Orange, NSW, district cherry growers have been forced to start watering their crops months earlier than usual due to a serious lack of rain.
Nashdale grower Guy Gaeta said he had been in the business for 32 years and had never seen it this dry.
Mr Gaeta said farmers normally started watering their crops in summer but this season he had been forced to start early – using up water reserves he might crucially need closer to harvest time.
It's a really bad start to the season.
- Guy Gaeta, cherry grower
He said the region had been hit by a “green drought.”
Mr Gaeta said there was green grass in the fields but the ground was so hard from a lack of rain it was threatening the crops’ growth.
“I have already started watering the trees,” he said.

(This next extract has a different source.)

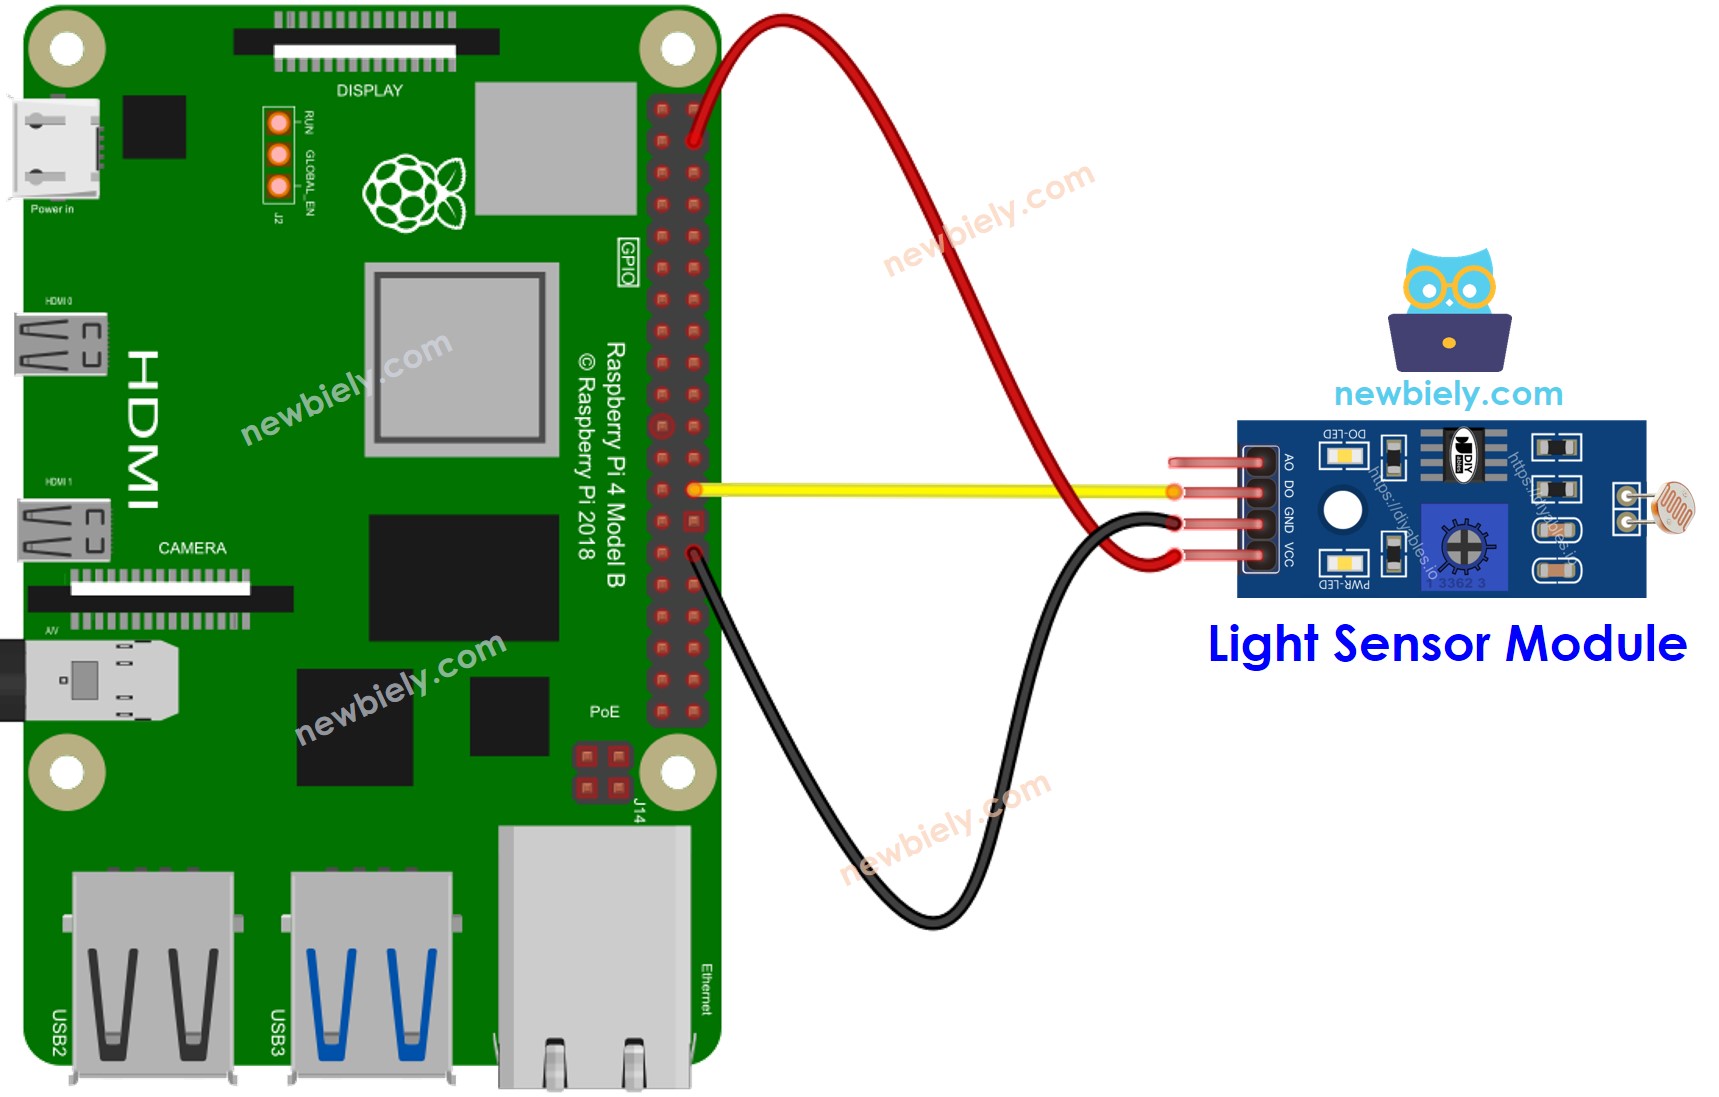 The wiring diagram between Raspberry Pi and LDR Light Sensor Module

“It’s a really bad start to the season.”
“I’ve been [growing cherries] for 32 years and I’ve never watered before December before.
“It’s a real dilemma.
“All the district are the same.”
He said the forecast from the Bureau of Meteorology [BOM] was not promising with little rain likely in October.
Mr Gaeta said farmers might be forced to cut out some paddocks to concentrate their water reserves on less trees to ensure they had fruit for picking in December/January.
He said he had supply for only eight weeks of watering.
NSW Cherry Growers Association president Fiona Hall said the situation was being felt across the region.
Mrs Hall said water reserves were down to 50 per cent, compared to full storage 12 months ago, after a dry winter.
“Water storage is the problem,” she said.
“We need a good downpour, we need the run-off.”
She said a “couple of inches” [50 milllimetres] of rain was urgently needed.
“It’s blossom time so we don’t need wild crazy weather that would knock the blossoms off.
“A couple of inches would be good,” she said.
She said farmers also needed water to grow apples which are picked after the cherries.
The BOM is forecasting a 50/50 chance of rainfall over the next three months in Orange to be above or below the median of 183mm.
It is forecasting there is a 100 per cent chance of at least 25mm falling in the period.
However, it is giving only a 49 per cent chance of 200mm of rain falling by December.
And in the short term there are only two days of possible high rainfall forecast for the rest of October in Orange.